StarTex Power
- Industry: Energy
- Founded: 2004 in Houston, Texas
- Defunct: June 20, 2018
- Fate: Acquired by Constellation
- Headquarters: Houston, Texas
- Parent: Constellation (An Exelon Company)

= StarTex Power =

Electricity Company

StarTex Power was a Texas-based retail electricity provider between 2004 and 2018. The company was headquartered in Houston, Texas.

== History ==
Texas deregulated the electricity market in 2002. StarTex Power was founded in 2004 by Marcie and Bob Zlotnik. Marcie previously served as president and director of Gexa Energy, a retail electricity provider she co-founded in 2001. StartTex was purchased by Constellation Energy in 2011 and the StarTex brand was discontinued on June 20, 2018.

== The Company ==
StarTex Power served roughly 170,000 customers. The company sold its services to commercial and residential customers and collaborated with different companies to provide StarTex Power Green.

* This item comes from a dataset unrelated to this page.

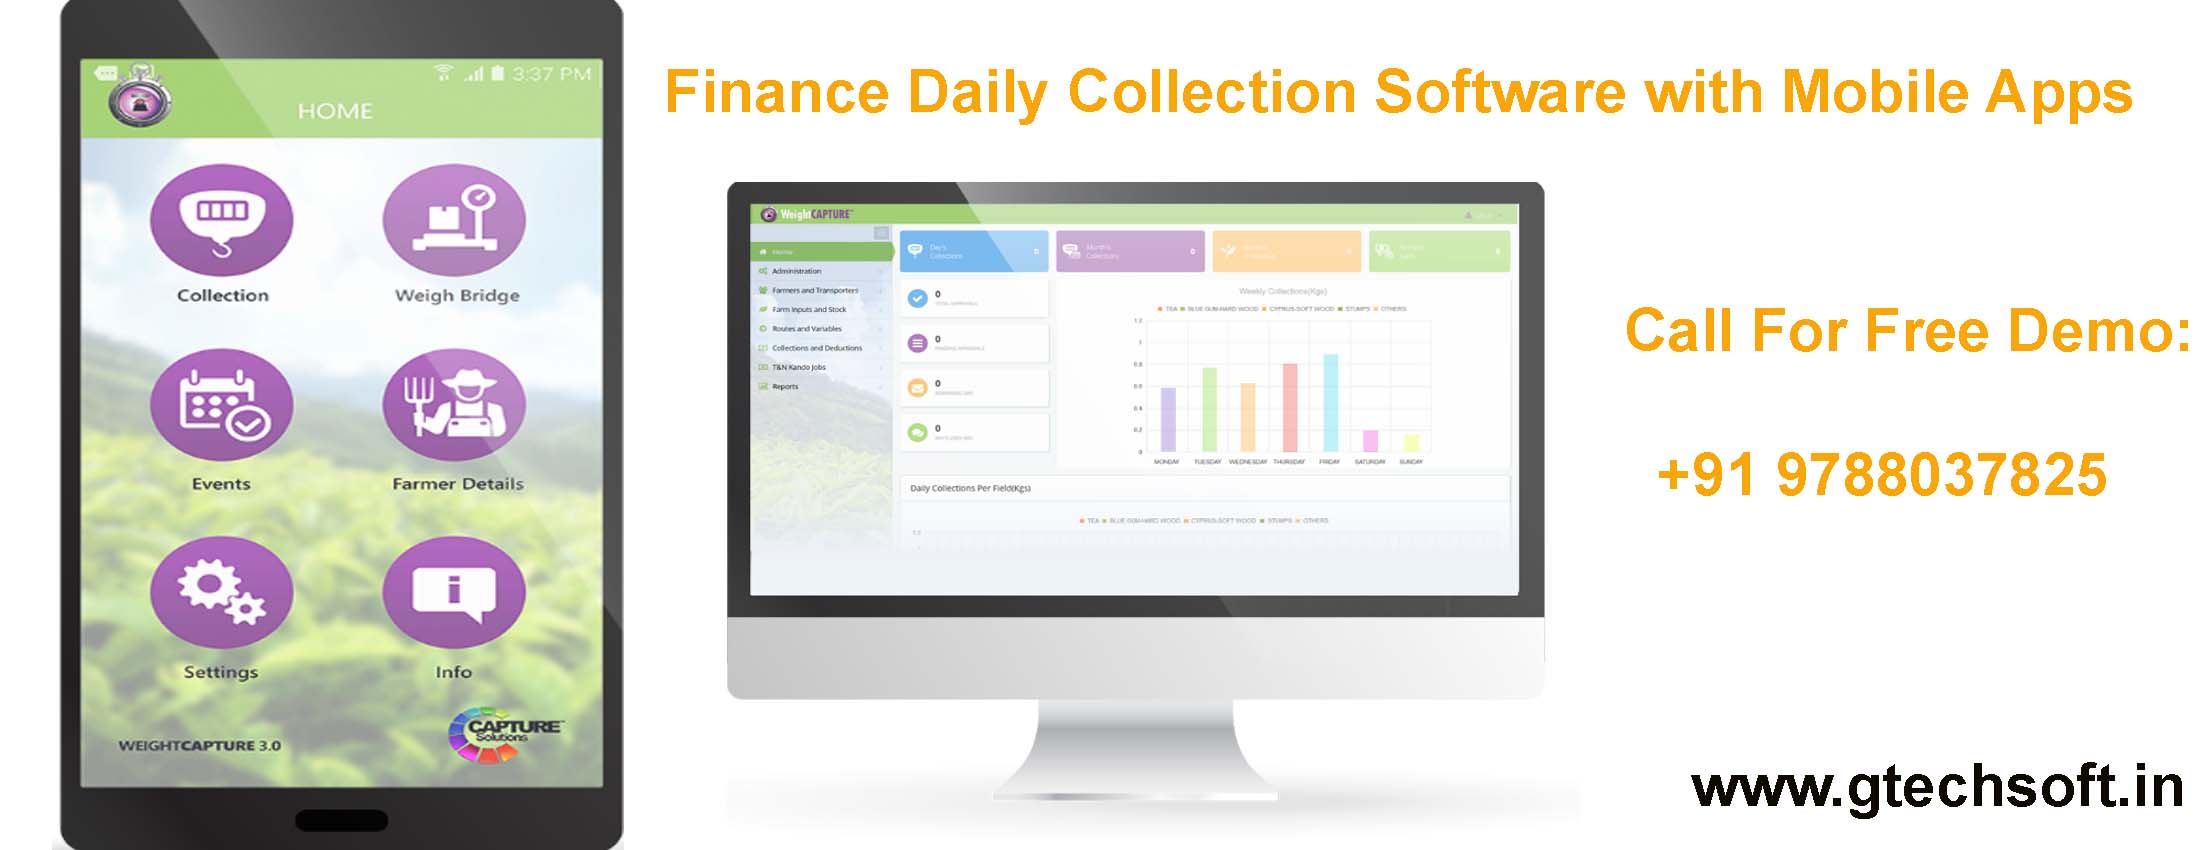 Generic Finance Daily Collection Software

In 2009 StarTex Power was ranked #1 by JD Power and Associates for customer satisfaction. In 2010, StarTex Power was a Pinnacle Award recipient by the Better Business Bureau for their customer care and ethical practices. StarTex was also named a Houston Chronicle Top Workplace in 2010 after their launch of an employee stock ownership plan and for their continuing efforts to foster employee growth and encouragement.

On May 27, 2011 Constellation Energy announced its intention to purchase StarTex Power, which was completed on June 1, 2011. After the acquisition, StarTex kept its headquarters in Houston, where its 150 employees reside.